Derek stalked his way to the hallway on the other side of the bar, wearing his edgy mood beneath his leather jacket. But then maybe he didn’t want to hide it. Who would choose to mess with a stressed out man his size? He did have a reputation to maintain. Callie was on the verge of falling into a mental spiral, contemplating how he’d earned those wary glances he’d been receiving most of the night, when she spotted Bianca.
The curvy brunette wove through the room, lightly touching a person here, making small talk there. Peals of laughter lingered in her stead. She was petite, but even from several feet away Callie could sense the energy she exuded. And just like that, Bianca turned and headed straight for her.
Derek wasn’t there to lead the questioning, and Callie didn’t carry the same malevolent aura he did. She would be just another stranger to Bianca. Would they miss their opportunity? Should she try this solo?
Bianca waved to the bartender as she approached, and then inclined her head toward Callie as she spoke. “One of what she’s having.”
“Pretty sure you could have just said beer,” Callie said after a moment. “The selection’s limited.” Small talk hurt her brain, and she clearly wasn’t good at it.
“He knows me, and it’s not my usual.” Of course it wasn’t. Her signature drink was something bright pink and adorned with a wedge of fresh fruit.
Callie took another draw on her beer. So much for not knocking them back. Her hands were warm against the brown glass, which is what usually happened when a bottle was mere swigs from empty. But this wasn’t a coincidence. It wasn’t the beer in her belly. This wasn’t simply nervous energy and pent-up arousal. Her fingers went full-on inferno, and she sat the beer on the bar as nonchalantly as she possibly could, right as the label began to singe. Holy shit. It was nothing like what she’d experienced around someone with a borrowed soul inside them before.

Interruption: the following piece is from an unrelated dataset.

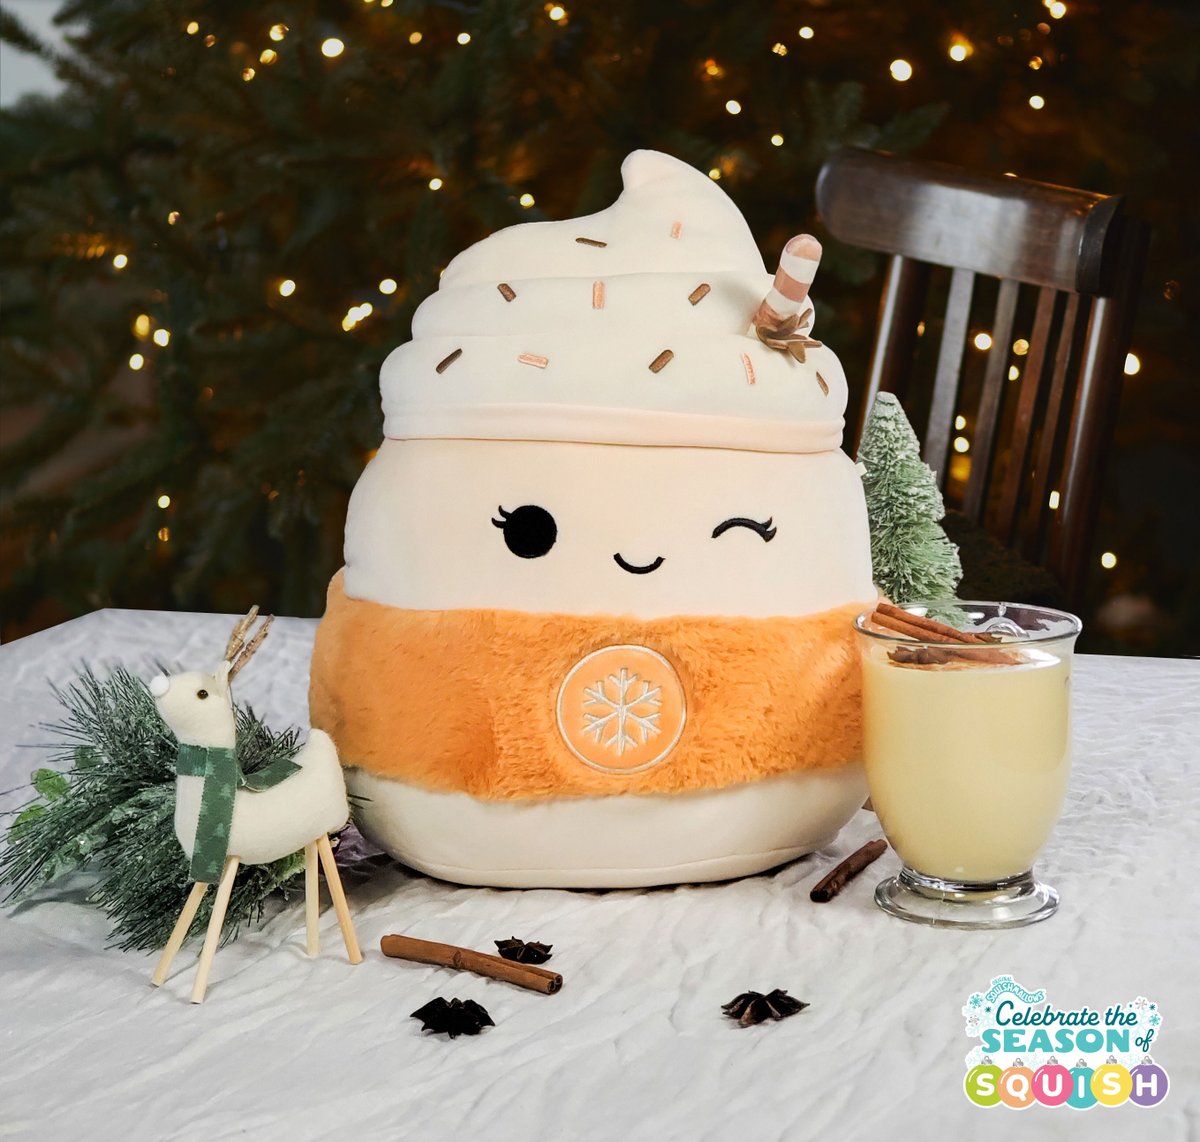 When Christmas Eve and #NationalEggnogDay fall on the same day. Now, that's something to re-JOYCE in. 🥰🎄 #Squishmallows #SquishmallowsSquad #SeasonOfSquish

Bianca took a single step backward. “You all right?”
The fire in her hands dimmed. Was she? Why was her reaction so different than before? Goosebumps prickled along her arms and legs, as though all the heat from elsewhere in her body had relocated to her hands and pooled in her palms. “Yeah,” she said, curling her hands into fists. She could focus with them clenched. Mostly.
“Right on. I don’t remember seeing you here before, and I’ve got a thing for faces.” She winked.
“First timer.” Squeeze, release, repeat. She rode the edge of panic, but maintained control.
“Oh, it’s a blast.”
This had to be soul magic at play. This was ten times as intense as in the Charmer’s shop. The heat was overwhelming, but she tried to cling to the Soul Charmer’s promise that she couldn’t be injured. If she had taken to believing him, the heat must have short-circuited her brain. Callie’s thoughts ran over one another, too much input, too much sensation, and too many chances to fuck up. She had a job to do. A job she had to keep in order to get Josh back. She focused on the other woman and not the twin blazes forming inside her hands. What could she learn from this woman? “I was looking at the shop next door. The massage place. Have you been there?”
Bianca started to narrow her eyes, but stopped herself before too much of her skepticism showed. “I work there, actually.”
Callie sucked in a breath, hard and fast. Could she get a soul for cheaper here? Maybe Tess or Bianca could help her. Was there a way out from under the Charmer, where she could help her brother more quickly? Ignoring the bundle of flames simmering within her palms—the sensation was alarming, but not painful—she forced herself to be pleasant. “Small world. So what’s this ‘chakra massage’ thing I read about on the flyer?”